The main difference is: You can't have NULL references.
Regards
Achim Klein
We can do no great things, only small things with great love. - Mother Theresa
|
|
|
|
|
Achim,
Can you implement binary trees (and other data structures) with references?
It's just a matter of time!
|
|
|
|
|
I tend to 'no', but I'm no professional.
The crucial point is that you can't leave references uninitialized.
If you have a class like this:
class Node
{
Node& l;
Node& r;
};
You need a constructor like:
Node::Node(Node& Left, Node& Right)
: l(Left),
r(Right)
{
...
}
This means: 'You can only create a new Node, if you already have two other Nodes'.
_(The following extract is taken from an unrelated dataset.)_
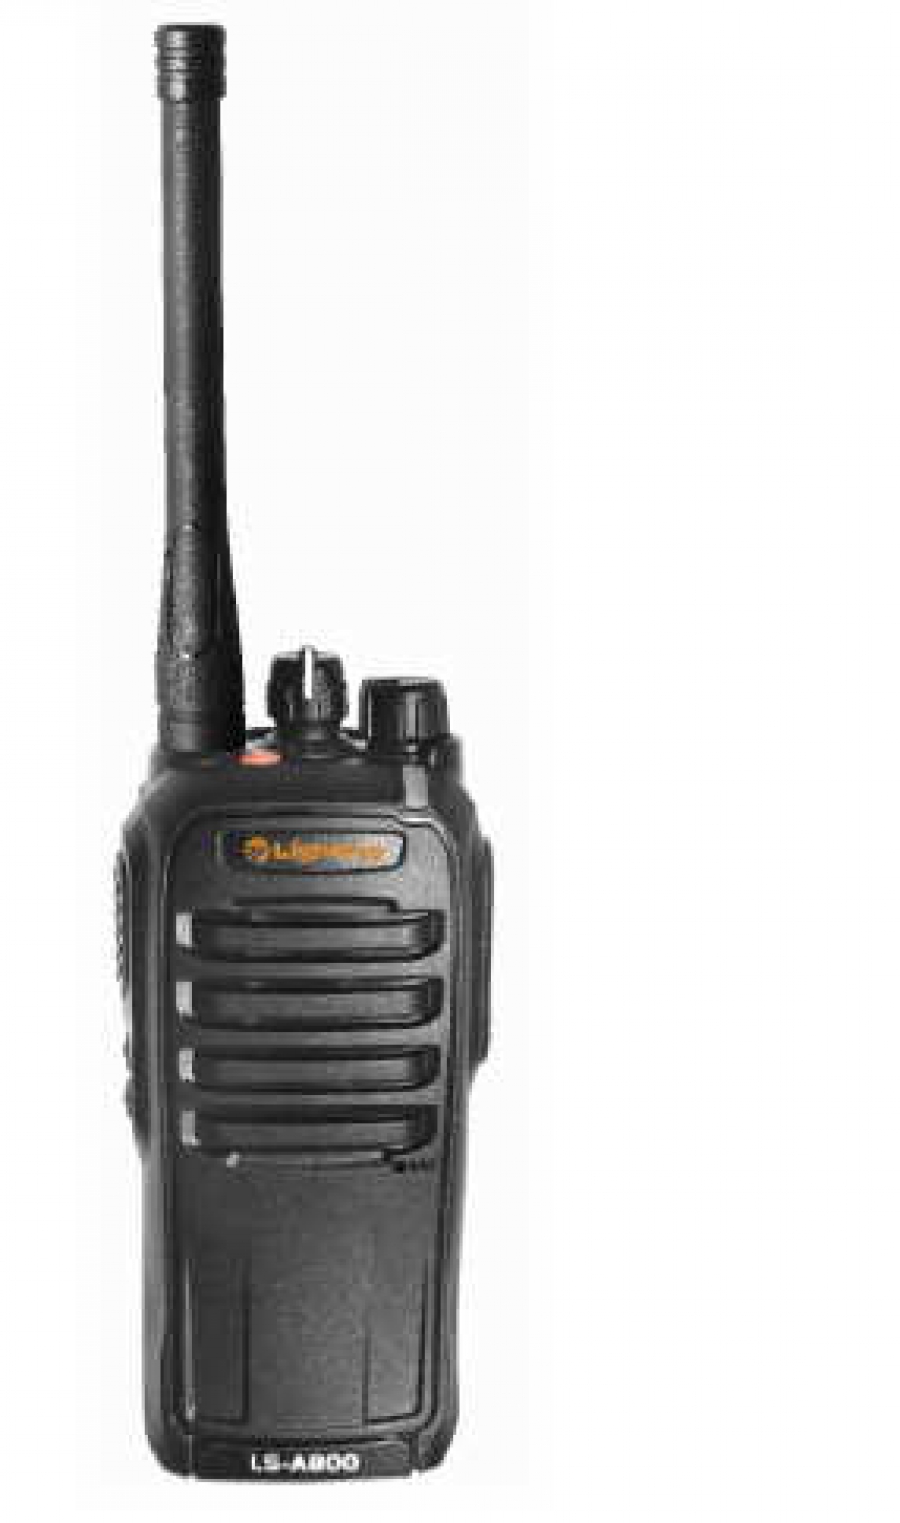 DMR радиостанции и технология РоС связи

We can do no great things, only small things with great love. - Mother Theresa
|
|
|
|
|
Hi,
You can't create a reference data structure in the same way you would with a pointer data structure. With pointers the compiler does not need to know what the object methods/vars are inorder to point to it. Hence the NULL pointer. As soon as you dereference the pointer you will be accessing the object, just pointing to it is no problem.
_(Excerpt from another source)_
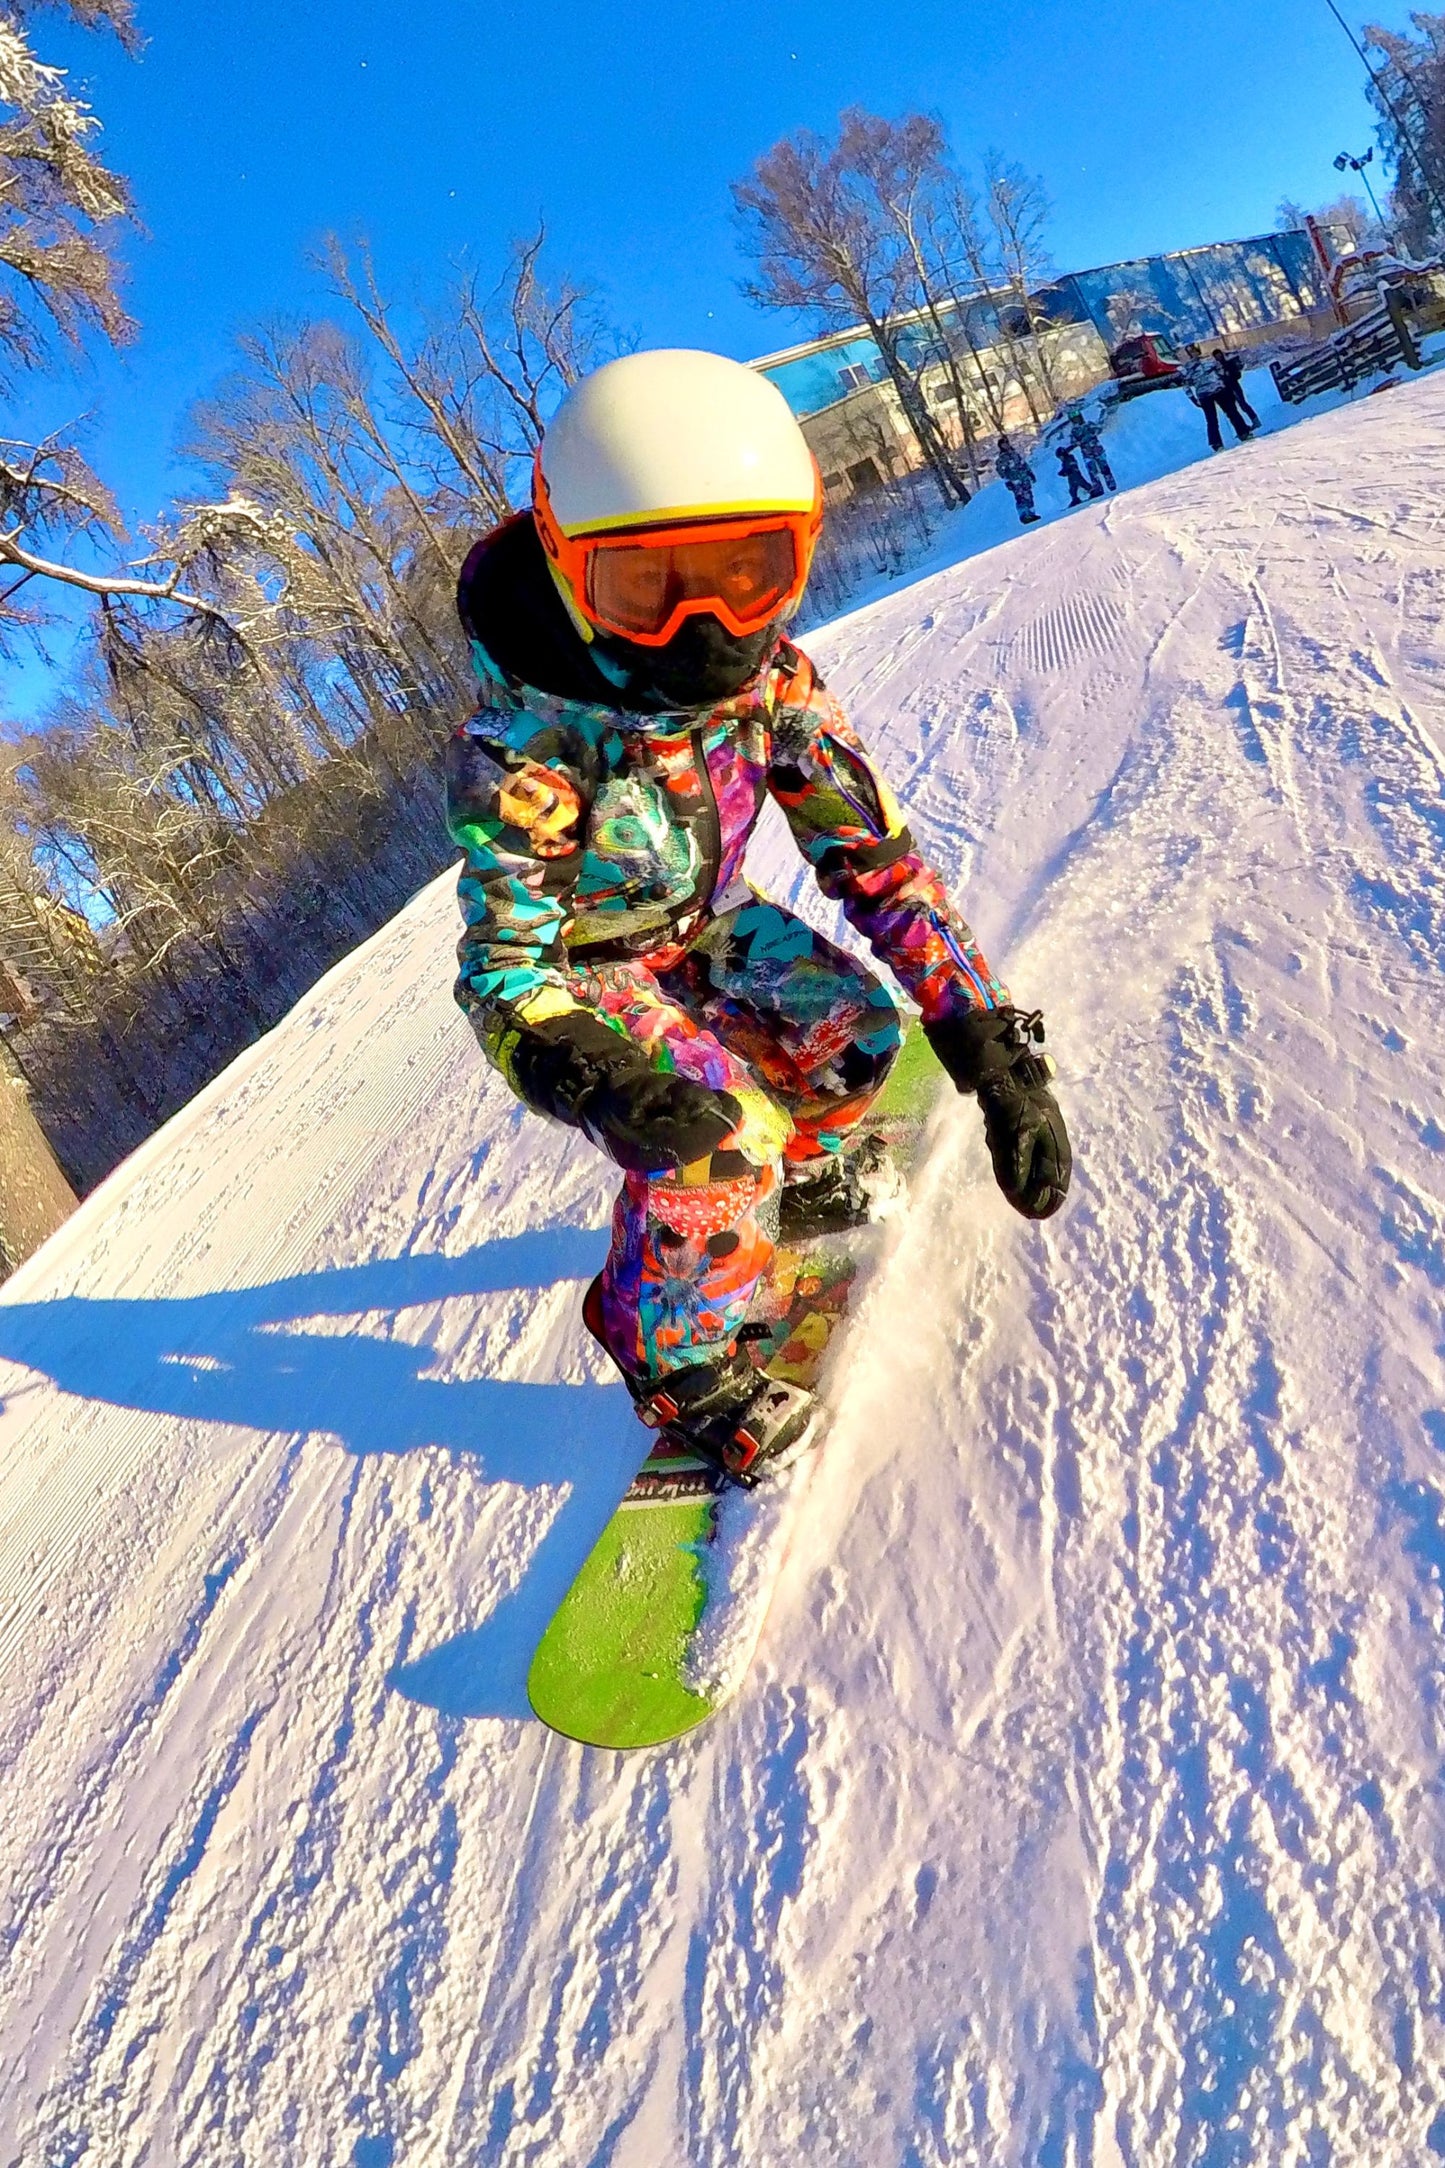 Bērnu ziemas slēpošanas/snovborda kombinezons raibās krāsās

However with a reference, you are already "dereferencing a pointer" at compile time as it were. A reference stores the memory address of the object so there needs already to be a memory address for the object. Hence data structures that need to have a copy of themselves can't be just re-written easily. In the example about you would never be able to create a Node object because you would always need a Node to begin with, that Node would need another Node before it, and so on. A vicious circle.
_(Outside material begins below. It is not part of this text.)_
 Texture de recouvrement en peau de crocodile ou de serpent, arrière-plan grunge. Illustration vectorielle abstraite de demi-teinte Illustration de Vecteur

The way around all this is to create some sort of container for the nodes.
class NodeCont
{
public:
NodeCont (void) : m_fIsNull (true) { }
void Set (void) { m_fIsNull = false; }
bool IsNull () { return fIsNull; }
protected:
bool m_fIsNull;
};
Your actual data node could be inheritered from this class. Then your Node class would be easy to update:
class Node
{
public:
Node (NodeCont& left, NodeCont &right) : l (left), r (right) { }
NodeCont& l;
NodeCont& r;
};
For NULL nodes you would just need to check the IsNull function. The trick now is to create presistant memory (memory not on the stack) for all the containers. e.g.:
NodeCont *left = new NodeCont;
NodeCont *right = new NodeCont;
Node N (*left, *right);
And that is how you can get around pointers if you really want to.
regards,
Rich
"Programming today is a race between software engineers striving to build bigger and
better idiot-proff programs, and the Universe trying to produce bigger and better idiots.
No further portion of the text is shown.